Linux – Bad Blocks Exist in Virtual Device PERC H700 Integrated

bad-blocksdell-perch700linuxmegacli

I have a DELL server with PERC H700 Integrated controller. I've made RAID5 with 12 harddrives and the virtual device is in Optimal state, but I receive such errors under linux:

sd 0:2:0:0: [sda] Unhandled error code
sd 0:2:0:0: [sda]  Result: hostbyte=0x07 driverbyte=0x00
sd 0:2:0:0: [sda] CDB: cdb[0]=0x88: 88 00 00 00 00 07 22 50 bd 98 00 00 00 08 00 00
end_request: I/O error, dev sda, sector 30640487832
sd 0:2:0:0: [sda] Unhandled error code
sd 0:2:0:0: [sda]  Result: hostbyte=0x07 driverbyte=0x00
sd 0:2:0:0: [sda] CDB: cdb[0]=0x88: 88 00 00 00 00 07 22 50 bd 98 00 00 00 08 00 00
end_request: I/O error, dev sda, sector 30640487832
sd 0:2:0:0: [sda] Unhandled error code
sd 0:2:0:0: [sda]  Result: hostbyte=0x07 driverbyte=0x00
sd 0:2:0:0: [sda] CDB: cdb[0]=0x88: 88 00 00 00 00 07 22 50 bc e0 00 00 01 00 00 00
end_request: I/O error, dev sda, sector 30640487648

But all disk are in Firmware state: Online, Spun Up.
Also there is not a single ATA read or write error in any disk in the raid (I check them with smartctl -a -d sat+megaraid,N -H /dev/sda). The only strange thing is in the output in

megacli:
megacli -LDInfo -L0 -a0
...
Bad Blocks Exist: Yes

How could there be bad blocks in a Virtual Drive, which is in optimal state and no disk is broken or even with a single error? I tried "Consistency Check", but it finished successfully and the errors are still in dmesg. Could Someone help me to figure it out what is wrong with my raid?

Best Answer

The "Bad blocks exist" indicator of MegaCLI refers to the Soft Bad Block Management table which works as follows (quote from the MegaRaid docs):

If the CU detects a media error on the source drive during rebuild, it initiates a sector read for that block. If the sector read fails, the CU adds entries to the Soft Bad Block Management (SBBM) table, writes this table to the target drive, and displays an error message.

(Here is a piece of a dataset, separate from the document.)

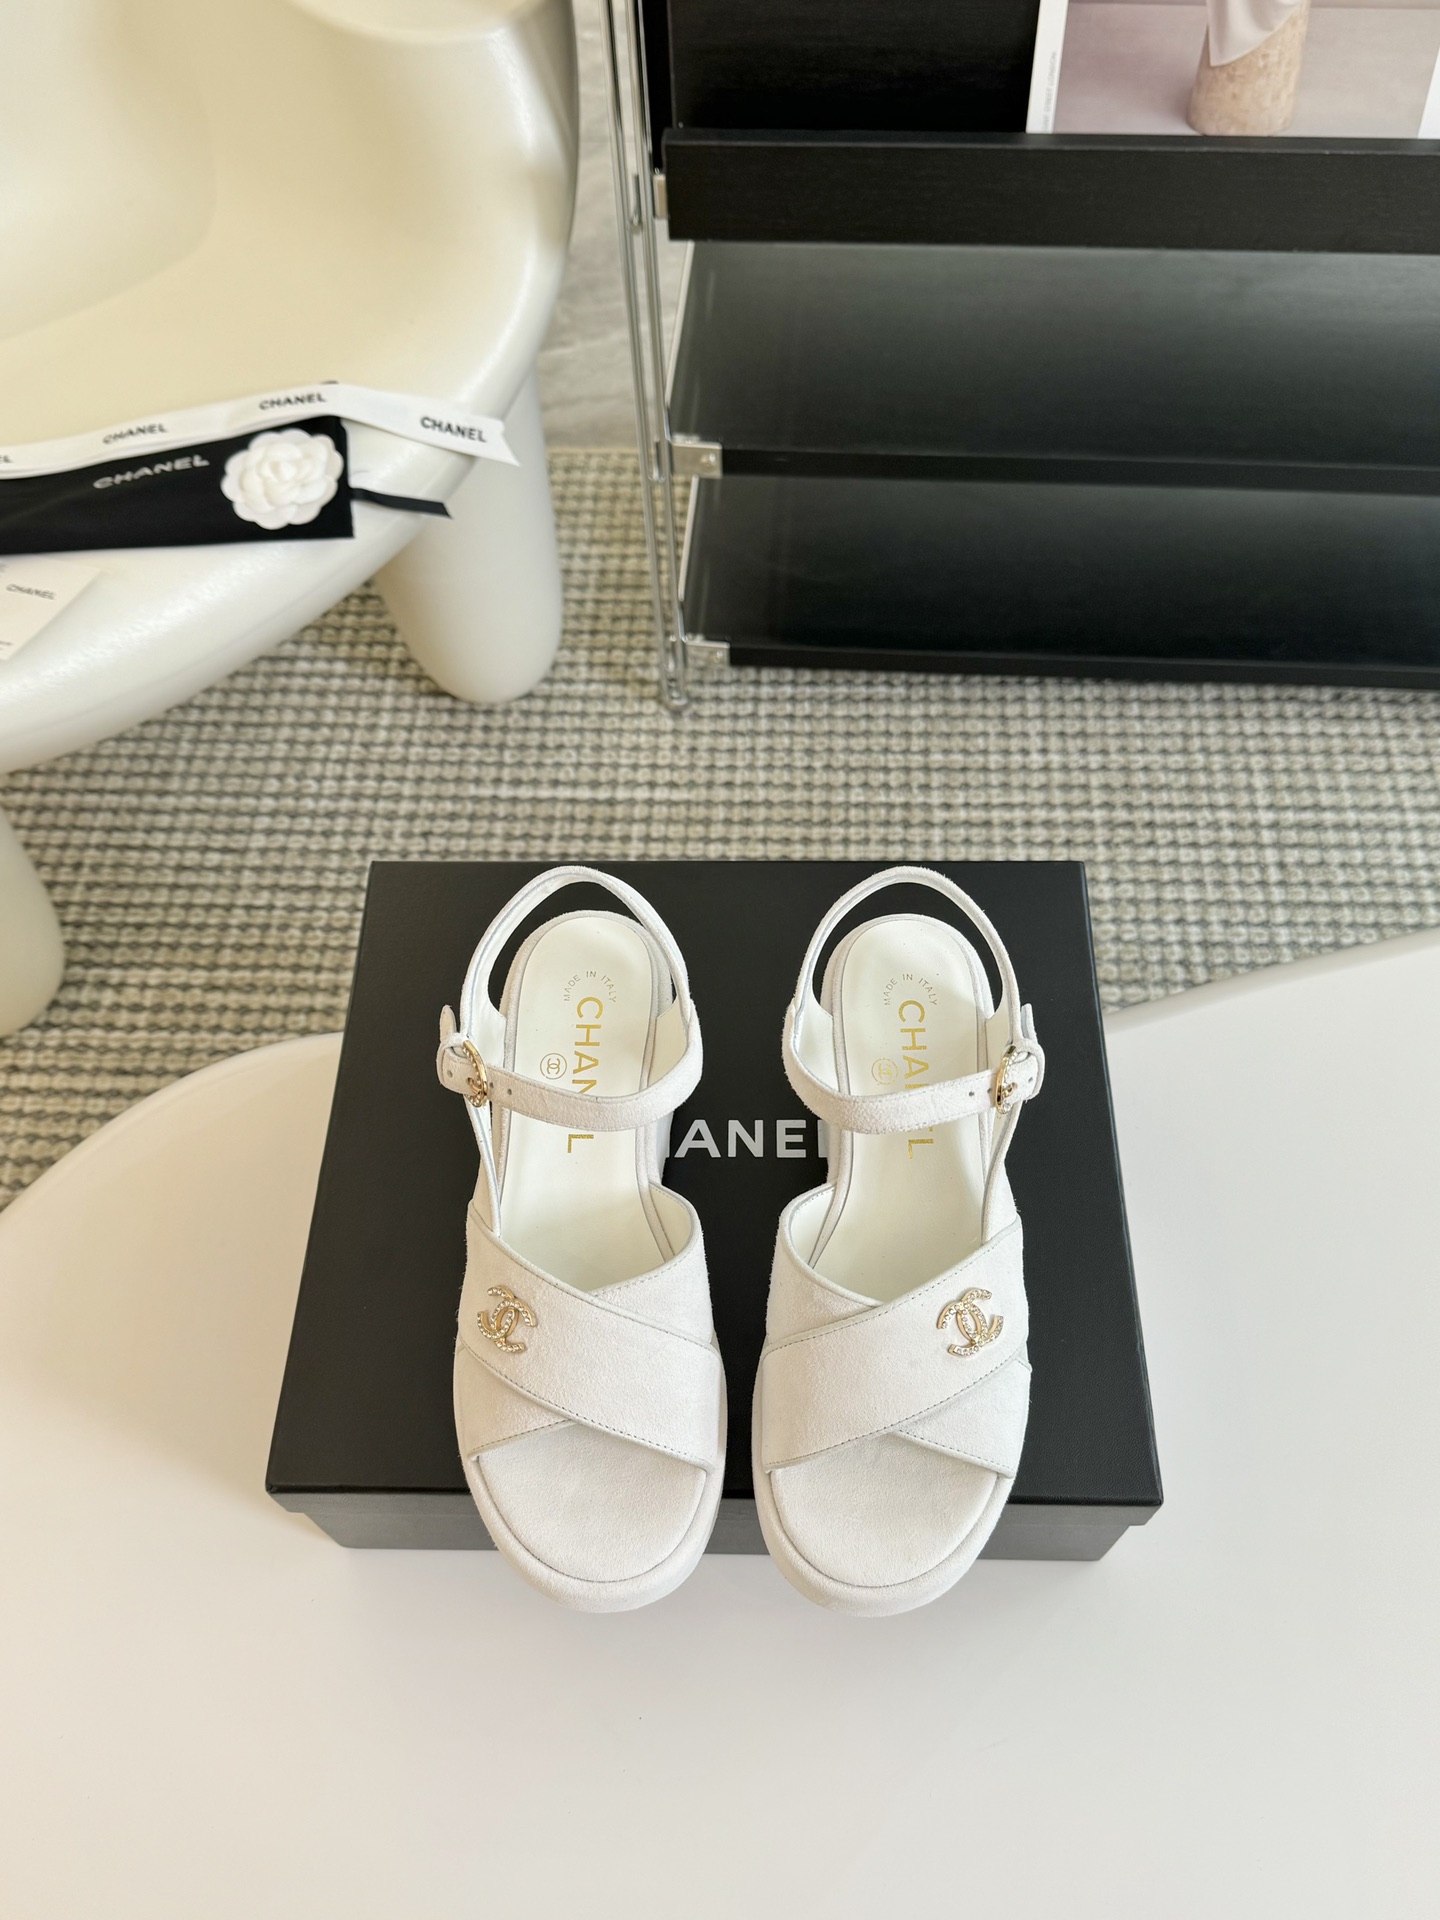 Chanel Shoes Sandals Top 1:1 Replica
 Embroidery Lambskin Sheepskin Spring/Summer Collection

Additional error messages are displayed if the SBBM table is 80% full or 100% full. If the SBBM table is completely full, the rebuild operation is aborted, and the drive is marked as FAIL.

The SBBM table would not contain the same "bad" markings as what is reported by SMART as the criteria and methods of action are very different.

Take a look at which of your drives is reporting errors using megacli -LDPDInfo -aAll and give it a closer examination.